The key question is therefore whether radiographic pulmonary mechanical and gas exchange abnormalities, manifested at the bedside, are caused by ALI/ARDS and increased permeability, pulmonary overhydration, or both.

This differentiation is important because overhydration may add to morbidity, partly because it prolongs the need for mechanical ventilatory support and the time needed to regain negative fluid balances and mobilization of edema [9]. Indeed, positive fluid balances and high EVLWs may denote an adverse prognosis, in critically ill septic patients [10, 11]. It is noteworthy that in Martin and colleagues' study [1] a high EVLW was not necessarily preceded by a more positive fluid balance, in septic (non-ARDS) patients, but in the absence of measured pressure factors it is hard to decide between mildly increased permeability and overhydration, while cardiac causes seem unlikely.

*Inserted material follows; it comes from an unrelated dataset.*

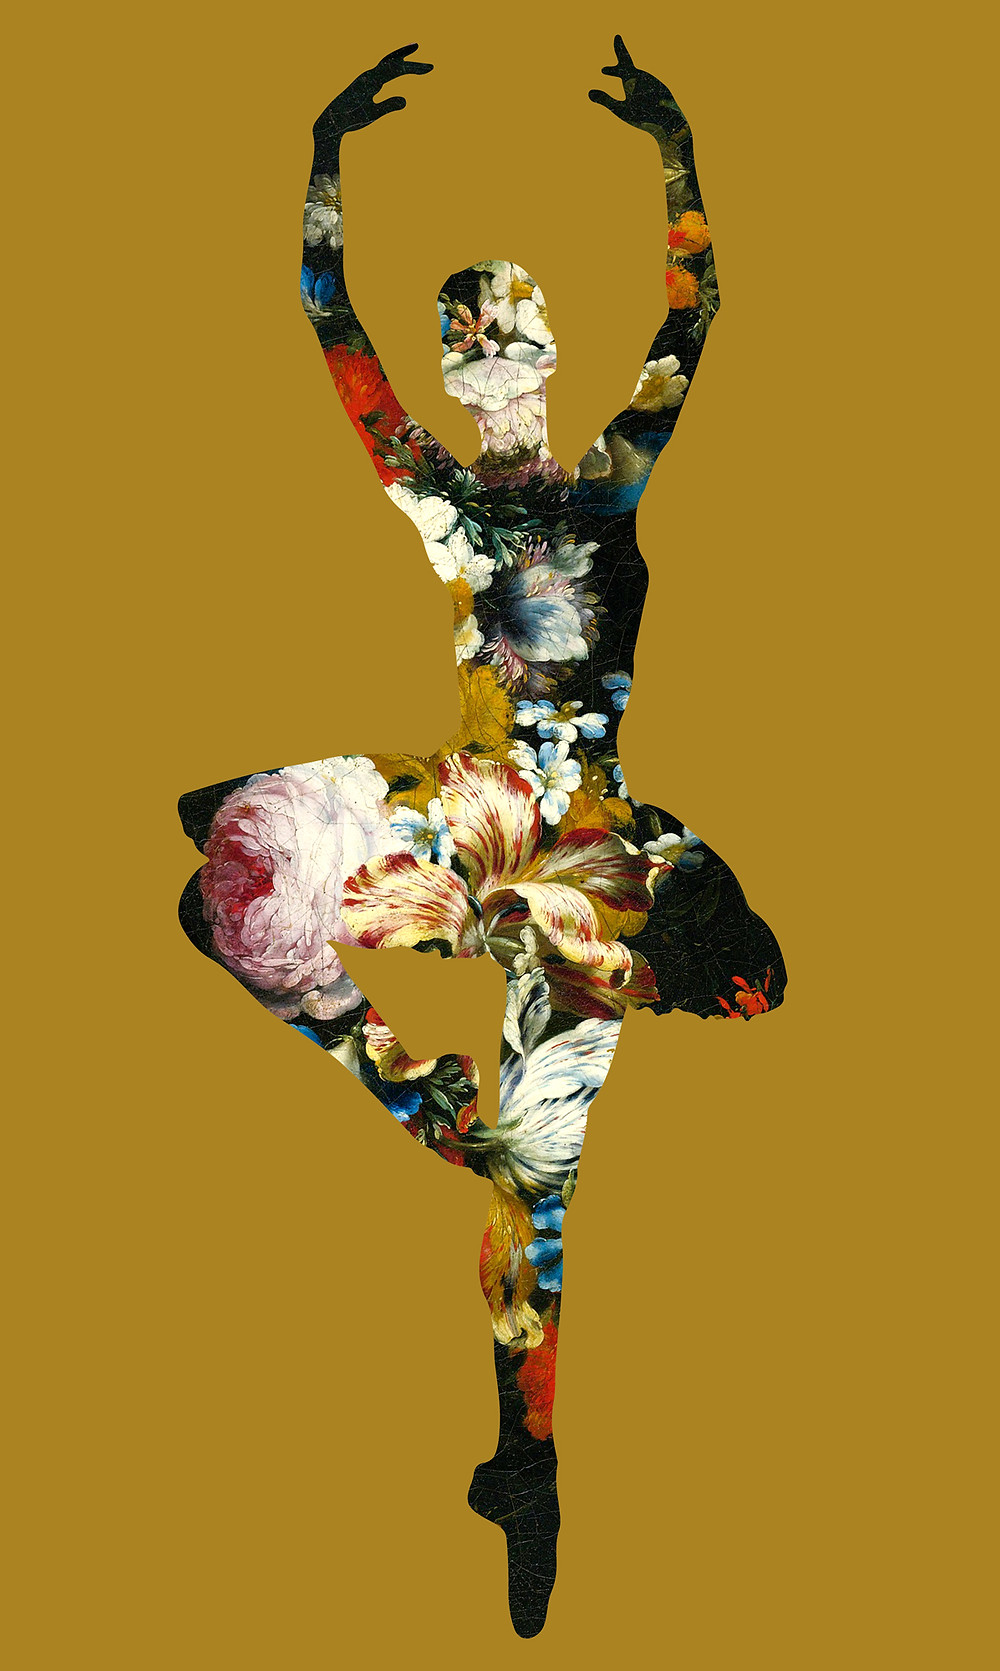 flowers, artwork, dancer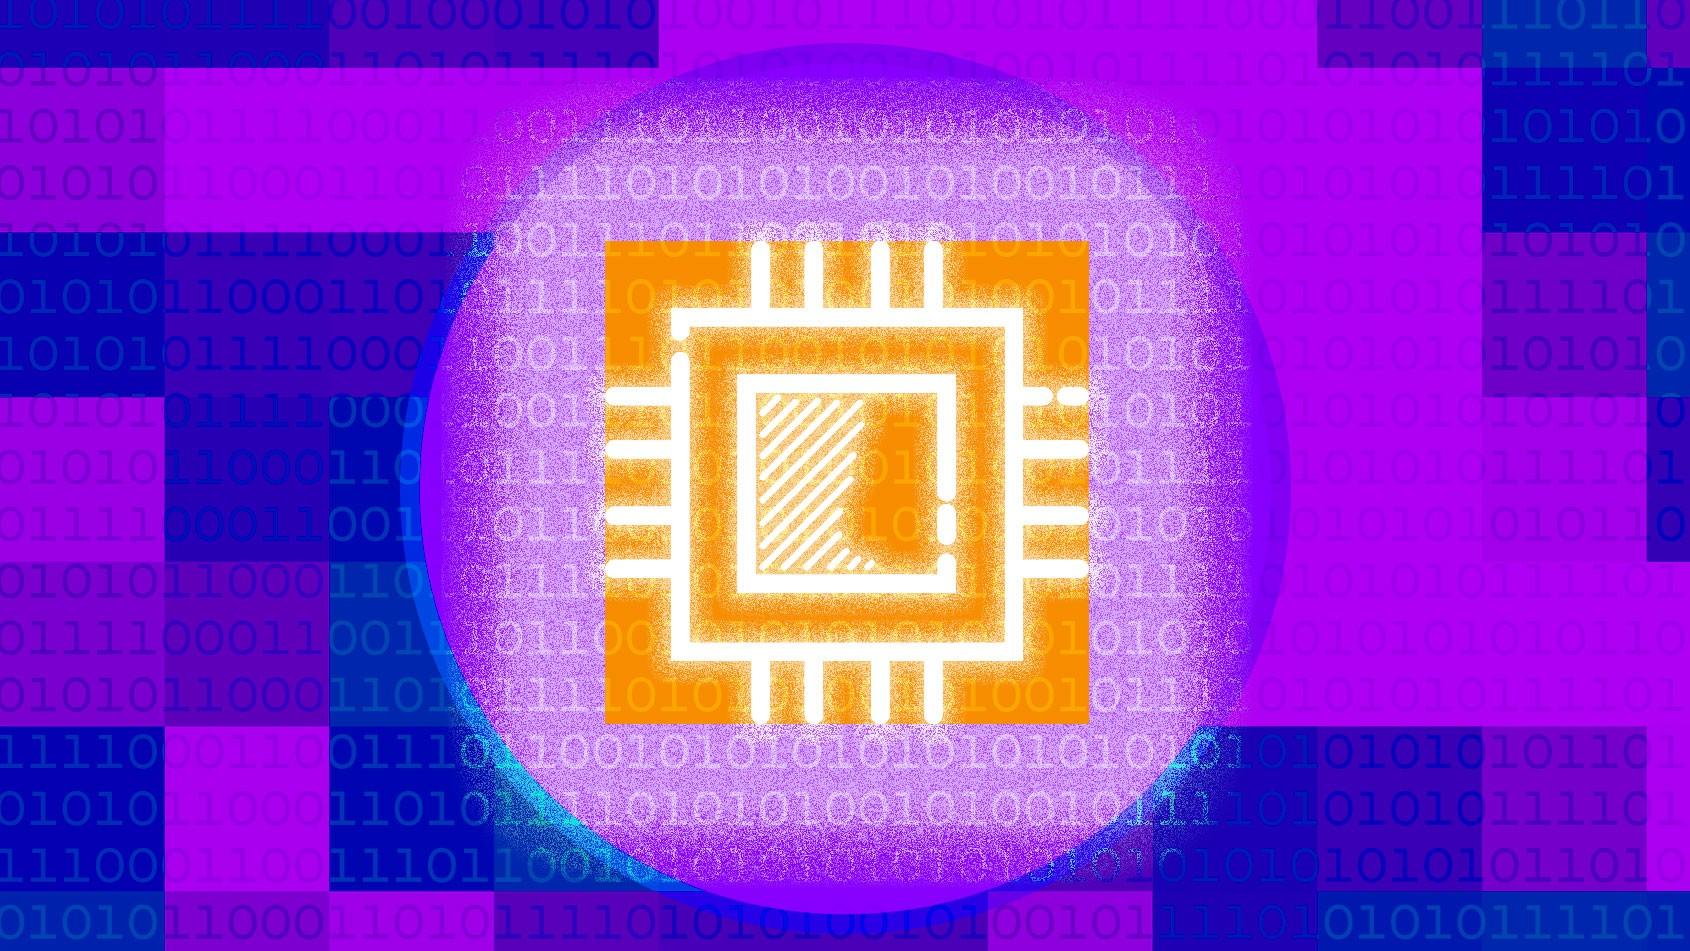 hacking chips

In patients with hypotension, differentiation between ALI/ARDS and overhydration is important for deciding on inotropic support or infusion of fluids. Obviously, intravascular and cardiac underfilling can concur with extravascular (pulmonary) overhydration, making the therapeutic choices difficult in patients needing some therapy for hypotension, low cardiac output, or both, to ensure tissue oxygen delivery. Obviously, this again raises the controversial role of the plasma colloid osmotic pressure, if any, in retaining fluids intravascularly and the associated benefits of colloid fluid therapy. Along these lines, monitoring the EVLW as currently possible by single transpulmonary thermal dilution (PiCCO Plus; Pulsion Medical Systems, München, Germany [2]) could help to guide (fluid) therapy and thereby decrease morbidity and perhaps even mortality, but this contention needs to be confirmed by a prospective study analogous to the study by Mitchell and colleagues [9]. The latter showed less morbidity, and fewer ventilator and ICU days of mechanically ventilated patients monitored with the help of the relatively laborious thermal-dye EVLW measurements (Edwards technology) than those managed with help of a pulmonary artery catheter and repeated pulmonary capillary wedge pressure measurements. In any case, single thermal dilution EVLW has been validated against gravimetric techniques in experimental animals [12].

In conclusion, monitoring EVLW by transpulmonary thermodilution, which is feasible nowadays [2], can help to manage patients with ALI/ARDS on mechanical ventilation, and can help to decide on withholding intravenous fluids and starting diuretic therapy. Future research should be directed towards improving patient outcome with the help of EVLW monitoring.